WHAT YOU SHOULD DO
There are pictures in the records below; leave them out and set down exactly the lines from the one holding "WhatsApp fined $" through the one holding "October 25, 2023, Inventor".

SUPPLIED ENTRIES

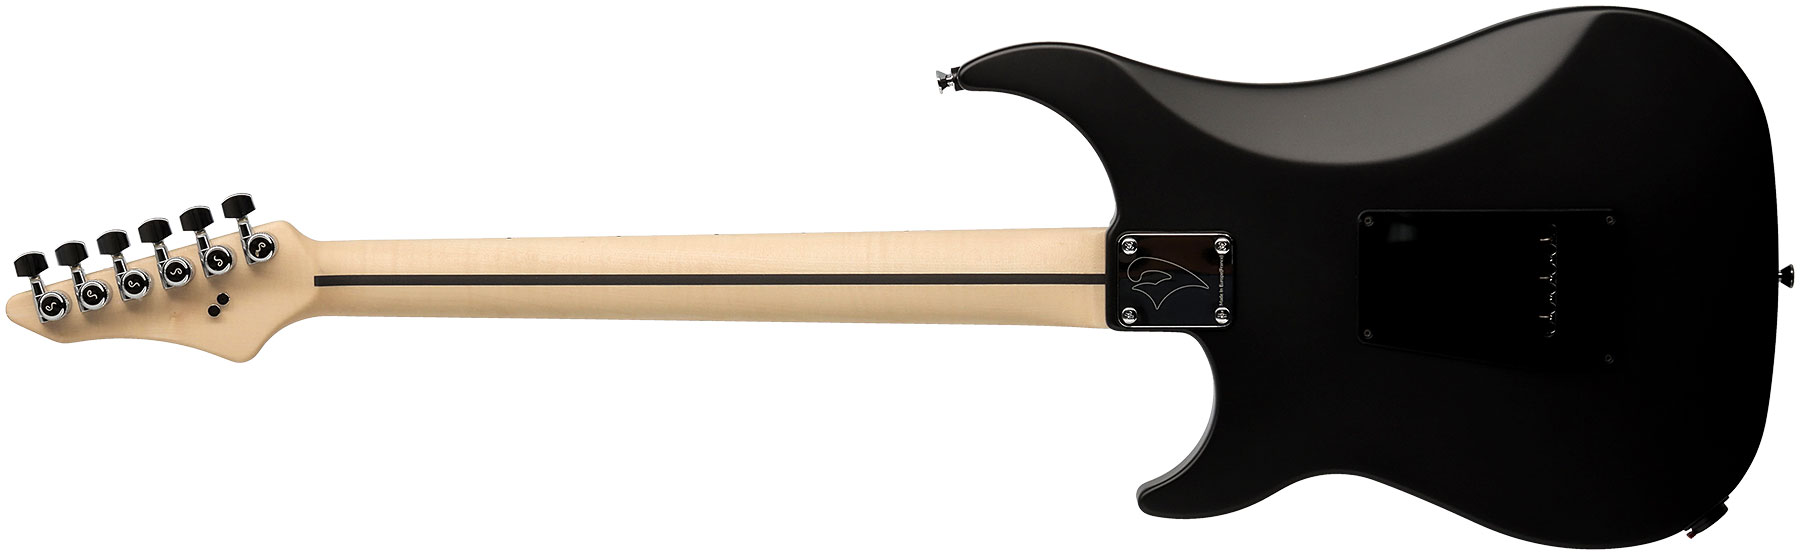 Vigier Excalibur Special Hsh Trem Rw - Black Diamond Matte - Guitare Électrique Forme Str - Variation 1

--

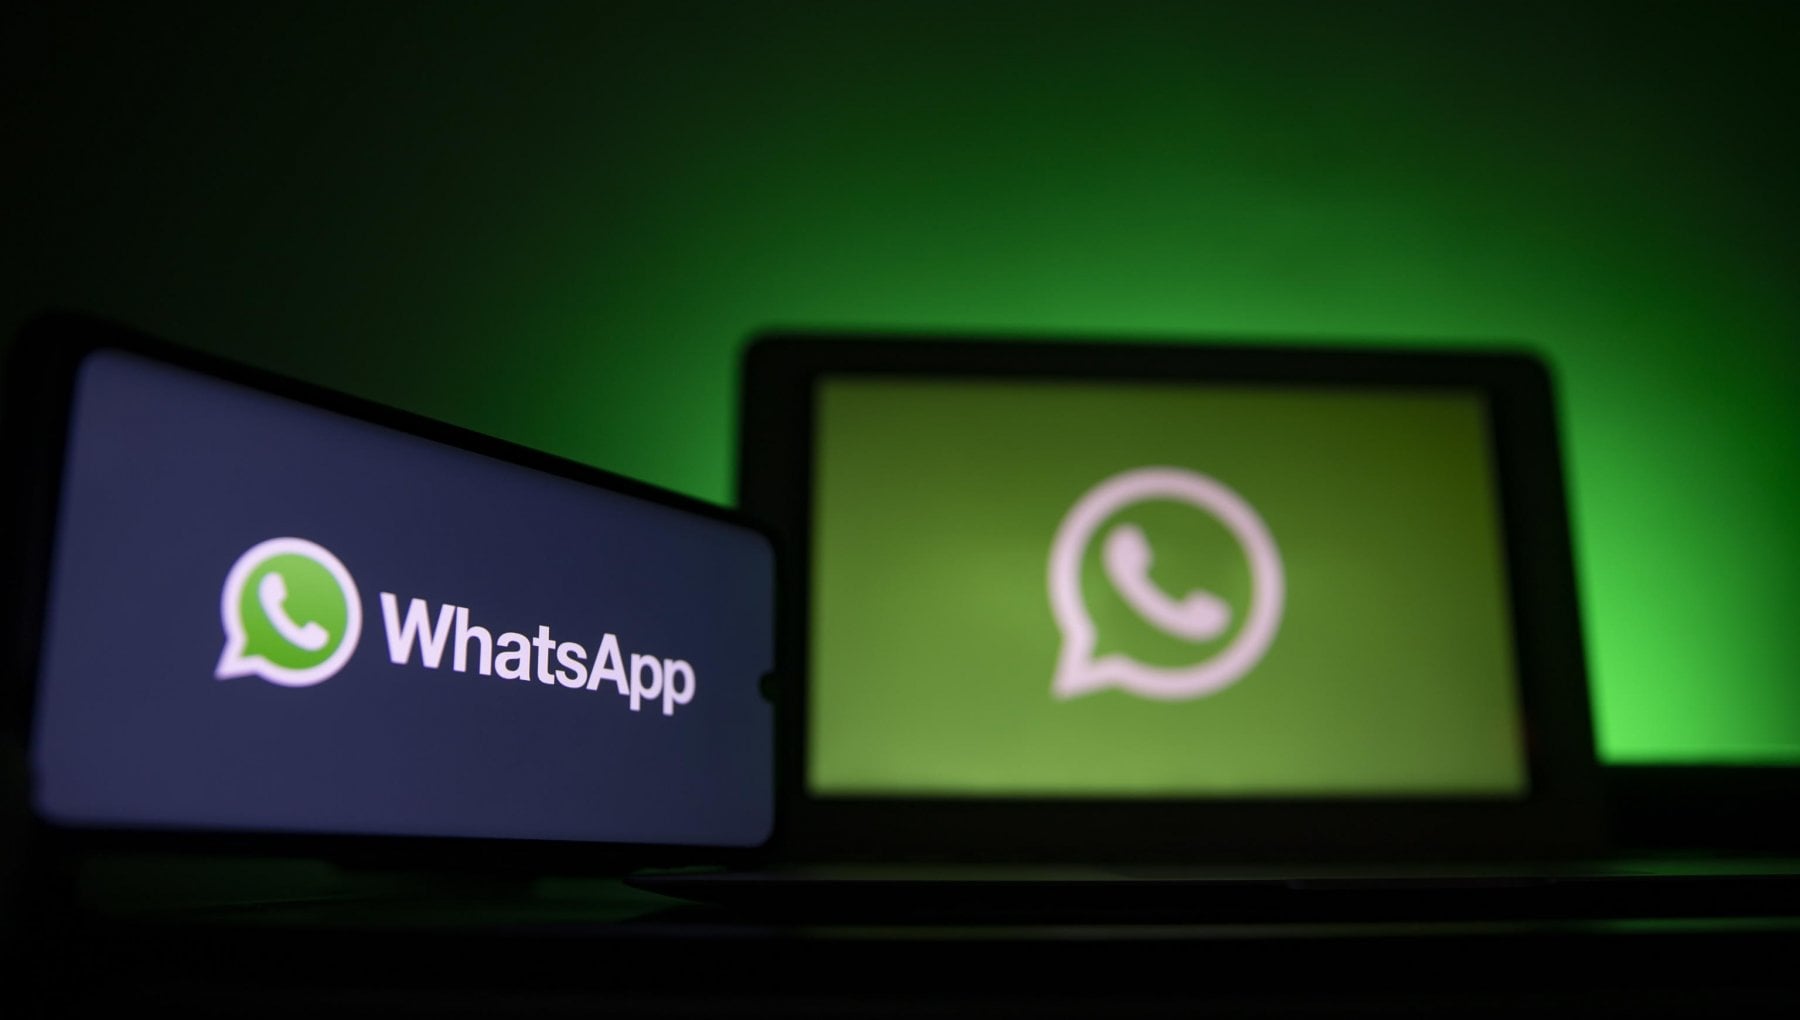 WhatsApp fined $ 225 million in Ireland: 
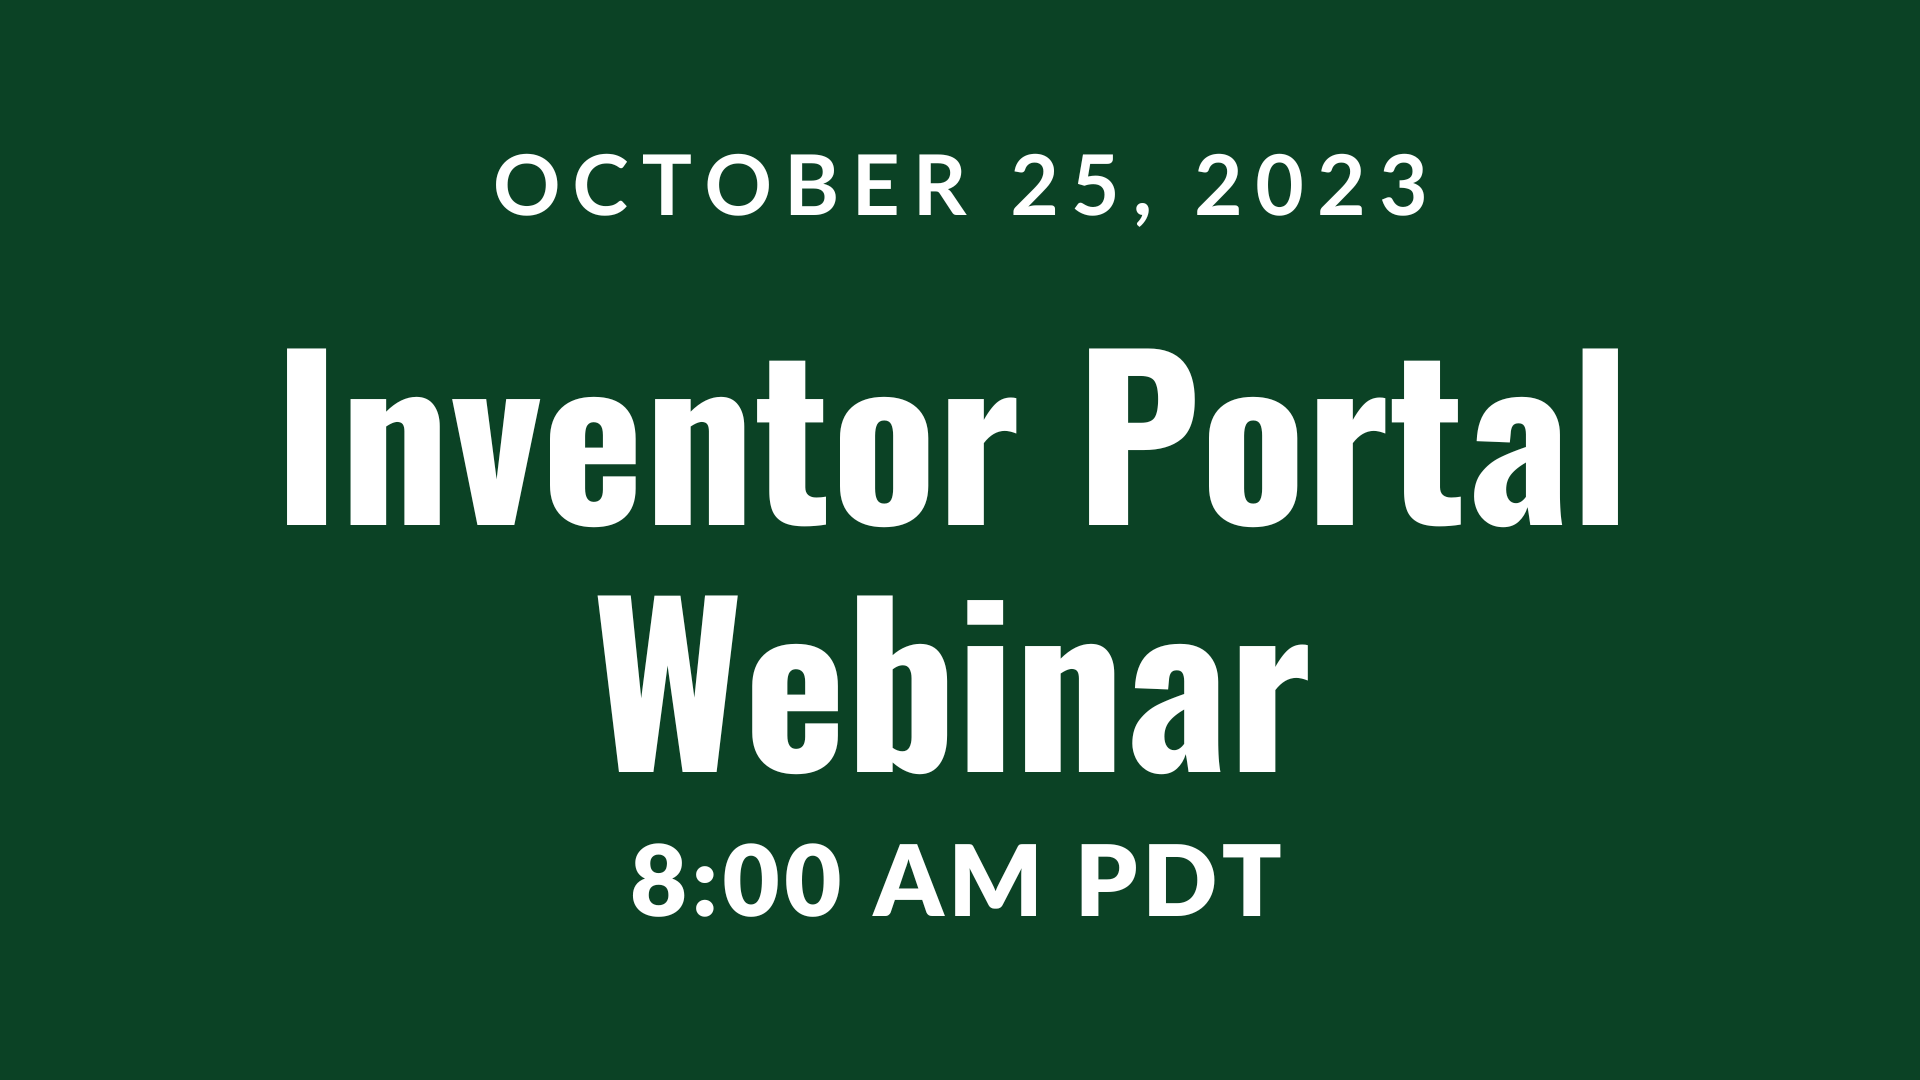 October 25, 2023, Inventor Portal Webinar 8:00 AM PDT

...

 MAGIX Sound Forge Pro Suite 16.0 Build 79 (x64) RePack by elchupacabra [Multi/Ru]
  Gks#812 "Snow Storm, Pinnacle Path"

EXERCISE RESPONSE
 WhatsApp fined $ 225 million in Ireland: 
 October 25, 2023, Inventor Portal Webinar 8:00 AM PDT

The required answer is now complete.